* [Data listing]:
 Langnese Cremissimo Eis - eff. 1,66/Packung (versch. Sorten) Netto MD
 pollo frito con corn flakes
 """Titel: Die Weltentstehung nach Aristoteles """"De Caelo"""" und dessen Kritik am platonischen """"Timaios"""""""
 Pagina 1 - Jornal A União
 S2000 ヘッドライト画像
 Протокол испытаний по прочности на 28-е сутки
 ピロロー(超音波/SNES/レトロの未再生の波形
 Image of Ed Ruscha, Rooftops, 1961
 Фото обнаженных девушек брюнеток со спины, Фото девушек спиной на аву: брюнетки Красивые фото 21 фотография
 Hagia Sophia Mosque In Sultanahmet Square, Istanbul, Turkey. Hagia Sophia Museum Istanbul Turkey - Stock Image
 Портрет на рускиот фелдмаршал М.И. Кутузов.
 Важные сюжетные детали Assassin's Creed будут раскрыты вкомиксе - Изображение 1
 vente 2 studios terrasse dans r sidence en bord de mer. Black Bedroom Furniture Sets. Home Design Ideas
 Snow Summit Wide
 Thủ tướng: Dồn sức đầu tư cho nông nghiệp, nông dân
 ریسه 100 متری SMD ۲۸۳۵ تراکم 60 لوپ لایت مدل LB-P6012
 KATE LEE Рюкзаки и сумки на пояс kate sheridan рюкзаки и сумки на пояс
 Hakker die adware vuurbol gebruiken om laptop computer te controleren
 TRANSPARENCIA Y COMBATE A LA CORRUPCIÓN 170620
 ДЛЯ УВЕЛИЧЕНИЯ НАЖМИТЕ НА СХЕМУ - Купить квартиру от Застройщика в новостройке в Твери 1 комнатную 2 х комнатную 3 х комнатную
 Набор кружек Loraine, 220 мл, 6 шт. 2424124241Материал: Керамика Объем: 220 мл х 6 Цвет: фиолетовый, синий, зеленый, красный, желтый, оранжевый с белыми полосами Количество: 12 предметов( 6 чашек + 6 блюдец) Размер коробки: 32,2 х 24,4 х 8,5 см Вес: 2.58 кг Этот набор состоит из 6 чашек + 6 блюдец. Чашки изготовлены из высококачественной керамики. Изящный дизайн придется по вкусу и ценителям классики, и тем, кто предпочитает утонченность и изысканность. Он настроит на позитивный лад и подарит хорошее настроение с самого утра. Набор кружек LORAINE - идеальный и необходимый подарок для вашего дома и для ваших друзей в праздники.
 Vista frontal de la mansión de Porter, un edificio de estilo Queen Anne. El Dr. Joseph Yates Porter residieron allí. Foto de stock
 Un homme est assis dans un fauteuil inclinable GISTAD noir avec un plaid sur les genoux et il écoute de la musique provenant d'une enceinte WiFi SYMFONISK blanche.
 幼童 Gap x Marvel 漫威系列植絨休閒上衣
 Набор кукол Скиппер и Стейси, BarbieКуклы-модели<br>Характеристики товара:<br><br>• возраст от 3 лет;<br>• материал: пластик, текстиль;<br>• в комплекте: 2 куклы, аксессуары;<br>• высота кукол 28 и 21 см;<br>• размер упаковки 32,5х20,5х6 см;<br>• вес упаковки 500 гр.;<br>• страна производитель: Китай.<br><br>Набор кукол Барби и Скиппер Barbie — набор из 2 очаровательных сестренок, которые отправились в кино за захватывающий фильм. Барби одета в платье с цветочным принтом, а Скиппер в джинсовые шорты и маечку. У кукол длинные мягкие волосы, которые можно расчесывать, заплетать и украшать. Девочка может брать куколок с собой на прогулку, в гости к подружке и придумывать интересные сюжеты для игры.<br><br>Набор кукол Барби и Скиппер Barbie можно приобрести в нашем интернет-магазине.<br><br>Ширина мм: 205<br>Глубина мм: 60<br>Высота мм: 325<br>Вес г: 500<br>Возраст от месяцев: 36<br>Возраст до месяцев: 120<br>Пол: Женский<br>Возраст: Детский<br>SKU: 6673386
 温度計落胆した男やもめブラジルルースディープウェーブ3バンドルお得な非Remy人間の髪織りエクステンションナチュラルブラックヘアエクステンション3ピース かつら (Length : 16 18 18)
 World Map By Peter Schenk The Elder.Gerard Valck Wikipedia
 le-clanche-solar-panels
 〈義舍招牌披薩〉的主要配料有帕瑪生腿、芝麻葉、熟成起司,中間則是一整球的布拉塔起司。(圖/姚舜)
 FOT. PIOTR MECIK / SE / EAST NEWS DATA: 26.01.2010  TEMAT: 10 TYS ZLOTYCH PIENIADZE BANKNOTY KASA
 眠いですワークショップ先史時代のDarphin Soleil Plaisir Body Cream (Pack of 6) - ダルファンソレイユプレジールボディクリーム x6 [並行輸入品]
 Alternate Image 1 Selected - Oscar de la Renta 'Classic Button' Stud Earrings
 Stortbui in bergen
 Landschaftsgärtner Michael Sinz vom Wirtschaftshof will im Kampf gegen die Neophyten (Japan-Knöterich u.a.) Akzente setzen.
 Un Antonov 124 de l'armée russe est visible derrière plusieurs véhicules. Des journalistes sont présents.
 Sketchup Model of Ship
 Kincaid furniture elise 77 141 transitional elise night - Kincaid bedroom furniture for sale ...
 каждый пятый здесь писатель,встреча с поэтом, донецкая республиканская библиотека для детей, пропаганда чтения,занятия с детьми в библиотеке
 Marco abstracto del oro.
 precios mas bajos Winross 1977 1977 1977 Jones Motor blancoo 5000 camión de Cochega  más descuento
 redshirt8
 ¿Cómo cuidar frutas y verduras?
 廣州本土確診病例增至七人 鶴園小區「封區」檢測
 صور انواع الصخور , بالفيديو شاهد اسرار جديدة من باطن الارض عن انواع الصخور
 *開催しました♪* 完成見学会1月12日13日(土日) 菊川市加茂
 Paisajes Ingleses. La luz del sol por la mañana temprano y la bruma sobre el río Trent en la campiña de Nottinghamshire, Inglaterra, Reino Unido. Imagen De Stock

* [Task details]: Copy verbatim, from the listing above, each line from the one containing "vente 2 studios" down to the one containing "ДЛЯ УВЕЛИЧЕНИЯ НАЖМИТЕ", inclusive.

* [Expected answer]:
 vente 2 studios terrasse dans r sidence en bord de mer. Black Bedroom Furniture Sets. Home Design Ideas
 Snow Summit Wide
 Thủ tướng: Dồn sức đầu tư cho nông nghiệp, nông dân
 ریسه 100 متری SMD ۲۸۳۵ تراکم 60 لوپ لایت مدل LB-P6012
 KATE LEE Рюкзаки и сумки на пояс kate sheridan рюкзаки и сумки на пояс
 Hakker die adware vuurbol gebruiken om laptop computer te controleren
 TRANSPARENCIA Y COMBATE A LA CORRUPCIÓN 170620
 ДЛЯ УВЕЛИЧЕНИЯ НАЖМИТЕ НА СХЕМУ - Купить квартиру от Застройщика в новостройке в Твери 1 комнатную 2 х комнатную 3 х комнатную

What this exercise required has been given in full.